With all the talk stirred up by the recent firing of long time vogue editor Lucinda Chambers, and subsequent Vestoj article, I thought it timely to republish this story originally posted on June 7th. Ageism in fashion design and apparently publishing occurs often without acknowledgement.
With graduation season upon us I think it’s fitting to address a subject that is rarely spoken about but is constantly with us in the fashion world, ageism in fashion design. We all know that model’s careers are short lived, but designers as well, rarely enjoy a fruitful career until retirement age. More often than not the rug is pulled out from under them at the height of their careers. With few exceptions (Karl Lagerfeld comes to mind) creative directors over the age of 50 are rare. Equally strange is that this realization has only recently come to me. I think it’s due to the fact that in design we work hard, put in long hours and don’t have time to think about it until it’s too late.

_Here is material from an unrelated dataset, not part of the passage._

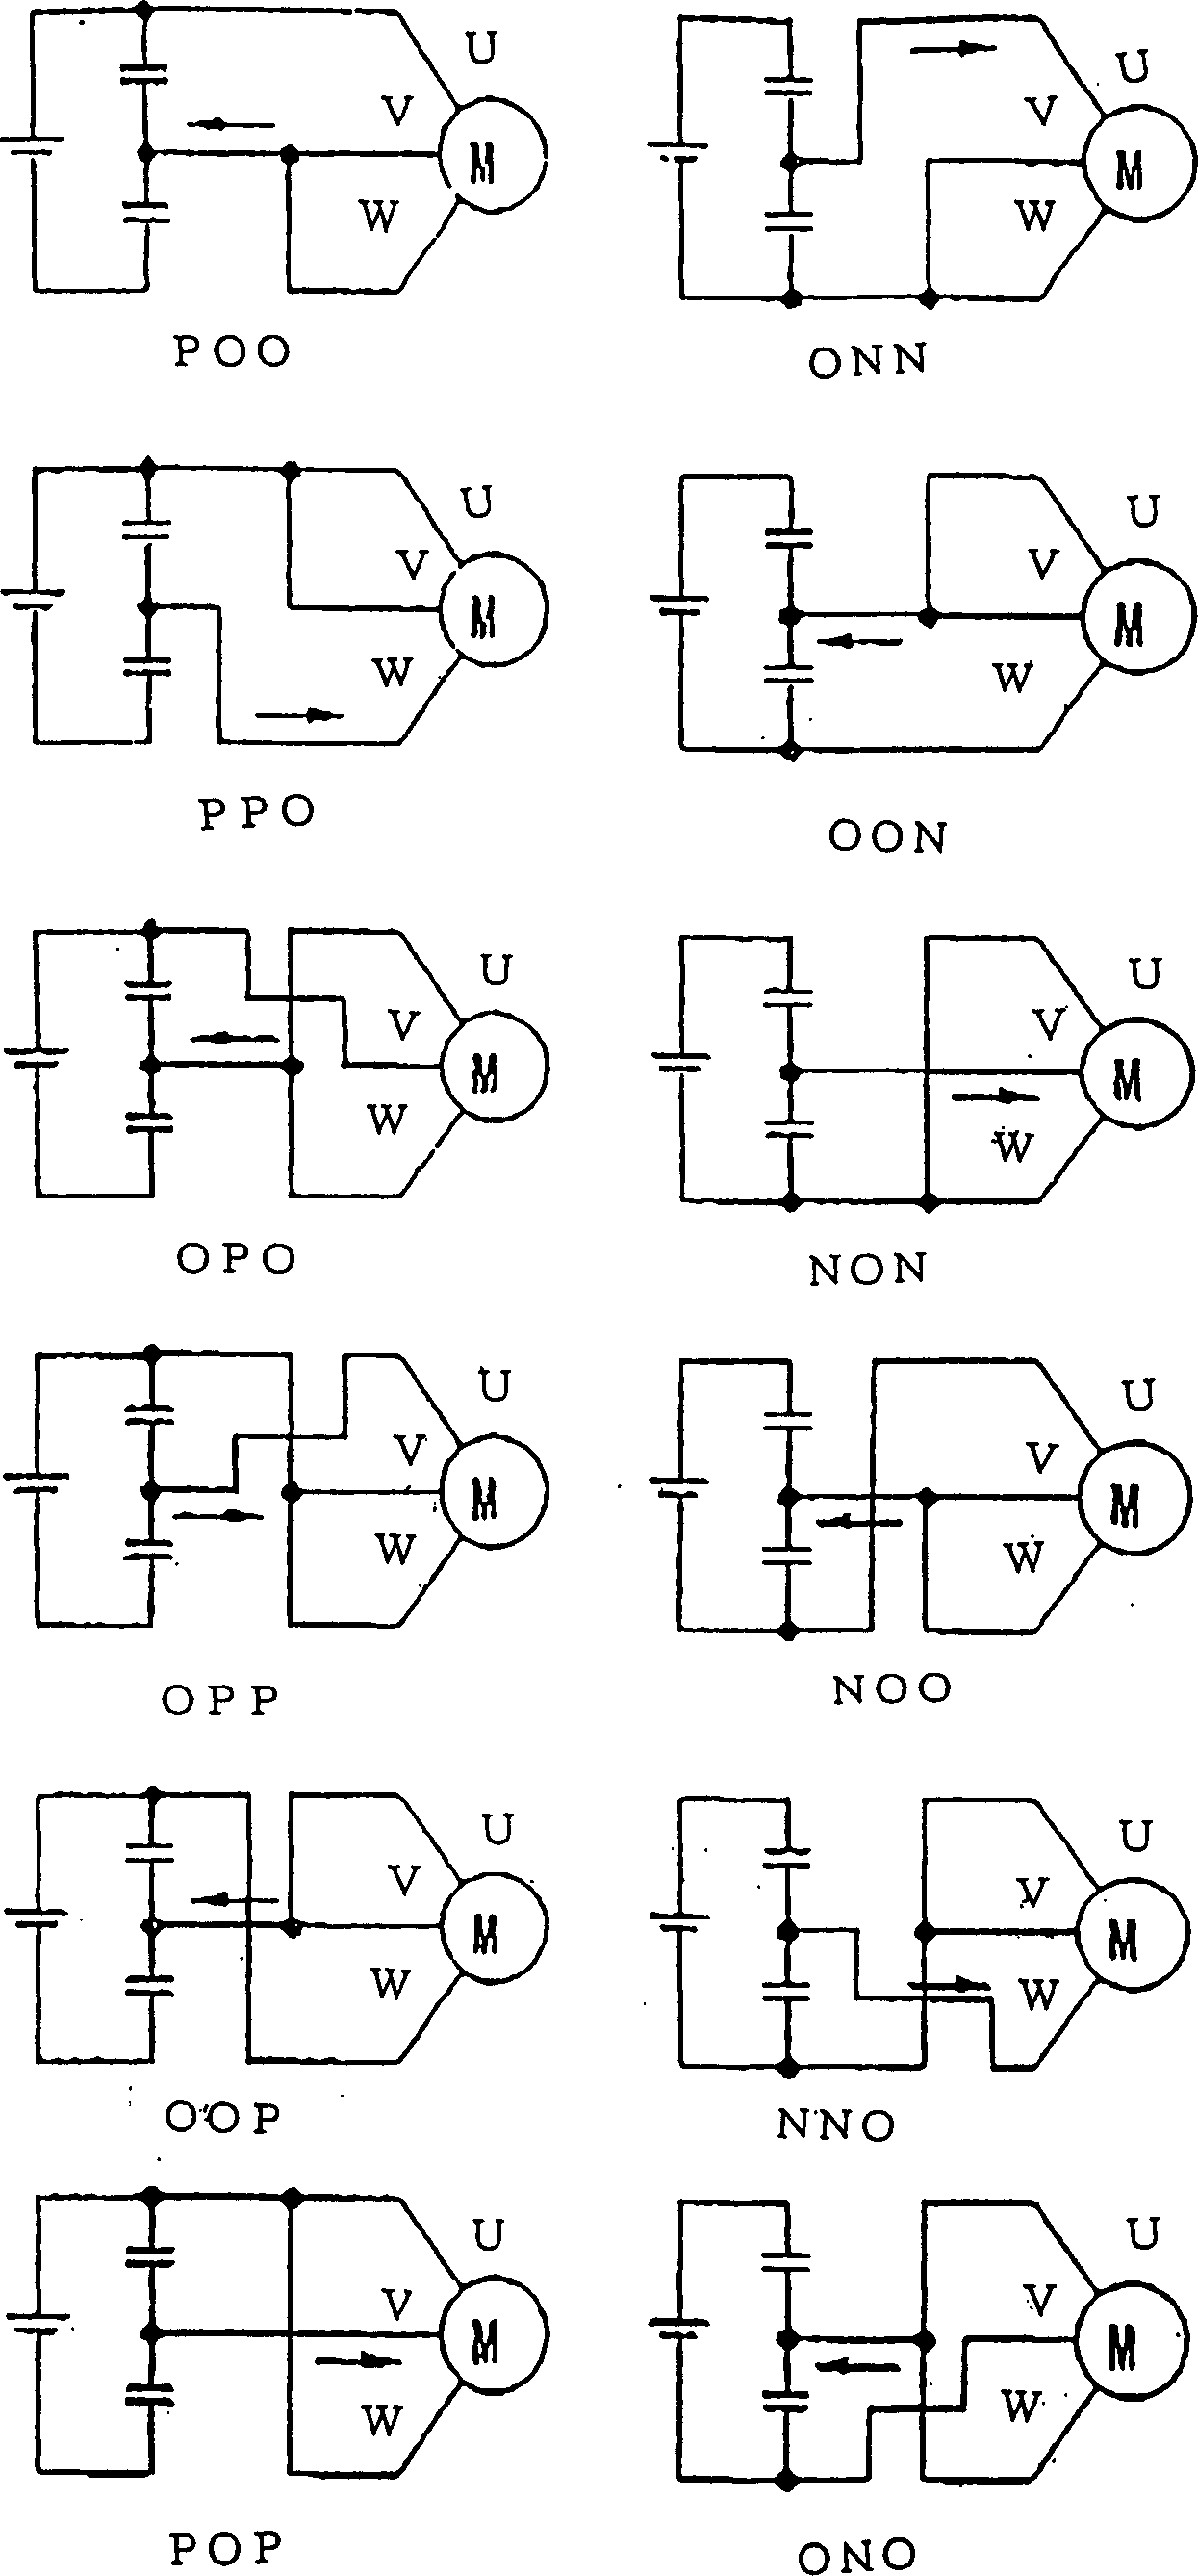 Three-level neutral point clamping PWM inverter and neutral point voltage controller

Job security was never one of the perks of being a designer, but with talent and an impressive resume most designers land on their feet after losing or leaving a job, that is until age enters the equation. I’ve touched on this subject before in Year Of Living Designer Free, which sites the game of musical chairs designers are forced to play by the conglomerates that now control the most prominent fashion houses.

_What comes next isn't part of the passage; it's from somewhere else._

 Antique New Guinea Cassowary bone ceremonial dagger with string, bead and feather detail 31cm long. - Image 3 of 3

The nature of fashion, especially the high end, is always looking for the next new thing, the new enfant terrible, but there are only so many prime design jobs, and with younger talent entering the arena each year it puts tremendous pressure on the top spots. Young talent is sometimes catapulted to prime time before they have the practical experience to handle the pressure and the time management skills necessary to get the job done. It’s also true that some older designers may rest on their laurels and fall back on familiar territory, but I’ve seen too many exceptionally talented designers forced to end their careers early.
This phenomenon does not only happen at the top of the pyramid but throughout the ranks of design. It’s the rare design studio that has diversity in age, unlike the sample rooms that work in tandem with design; there drapers, pattern makers, and sample hands of all ages work together with a much greater level of security. An experienced older draper or tailor is valued and will always be able to find employment should they lose their job. The expertise a designer acquires over the years is not treated with the same respect, and in time the years of experience become a liability.
Alber Elbaz is a perfect example of an extremely talented and universally respected designer whose career was abruptly interrupted. I take care to not say ended, I’m hopeful that someone will have the good sense to hire him yet. In October of 2015 Elbaz, then 54, was dismissed from his position as creative director of Lanvin. The industry was shocked. Elbaz was credited with transforming the house into a major player on the fashion stage, acclaimed by critics and customers alike. The atelier was so outraged by his firing they staged a protest, but to no avail, a year and a half later he is still without a position. At a speaking engagement last month at Parsons Elbaz said, “I hear nowadays too often, young designer, old designer, young actress, old actress, older writer, younger writer, and I’m like, is it really about being young or old? Or is it about being good or bad?” this is my point exactly.
Francisco Costa, creative director of Calvin Klein since Klein’s retirement in 2003, suffered a similar fate. Though it’s unremarkable that a design house may want a change of creative vision after more than a decade, it is alarming that designers of the caliber of Costa and Elbaz are not judged solely on their accomplishments and reputation.
Even established designers of eponymous collections are vulnerable. In 2015, Donna Karen was muscled out of her company by then owners LVMH. Her key designers were then unceremoniously let go. The team from Public School was brought in for a newer, edgier perspective. In less than two years the company was sold, the new designers gone, and the brand is in disarray, rumored to become more mass market.
Ralph Rucci, known for his couture level creations, was also forced out of his own company. I met with him in the summer of 2014, newly implanted in a spectacular atelier, gut renovated to reflect his vision. He seemed at peace and told me he felt like he was finally home, adding that the new space would be his final workplace. It perfectly reflected him and the exacting nature of his work. The sample room was behind a glass wall, everything was white including the lab coats worn by the workers. Shots of colors came only from the clothes, suspended like sculptures from hangers. It reminded me of an operating room, it was that pristine. Three months later his financial backers forced him out and stripped him of his name.
People in design work with passion, their heart and soul go into every collection. Long hours, lack of security, and mediocre pay for all but the top players are accepted with little complaint because most designers are doing what they love. The system, as it has evolved, from small family like companies to large publicly traded corporations, take advantage of this knowing there is a large pool of talent always in the wings. New graduates should be made aware of the reality of ageism in fashion design and plan their careers accordingly. The prime earning years go by fast.
But the landscape is changing. The advent of the Internet is transforming how people consume fashion. I also believe that the customer will tire of the lack of exclusivity. The same product is sold in designer boutiques from Shanghai to New York. Thousands of pieces cut per style and even more for shoes and bags. Young people are more concerned with ethically produced and sourced fashion, which naturally lends itself to smaller distribution. My hope for the future is a move back towards smaller companies and more collaboration between online retailers and seasoned designers. Influencers are already producing product for ecommerce, it makes sense to extend this to proven talent.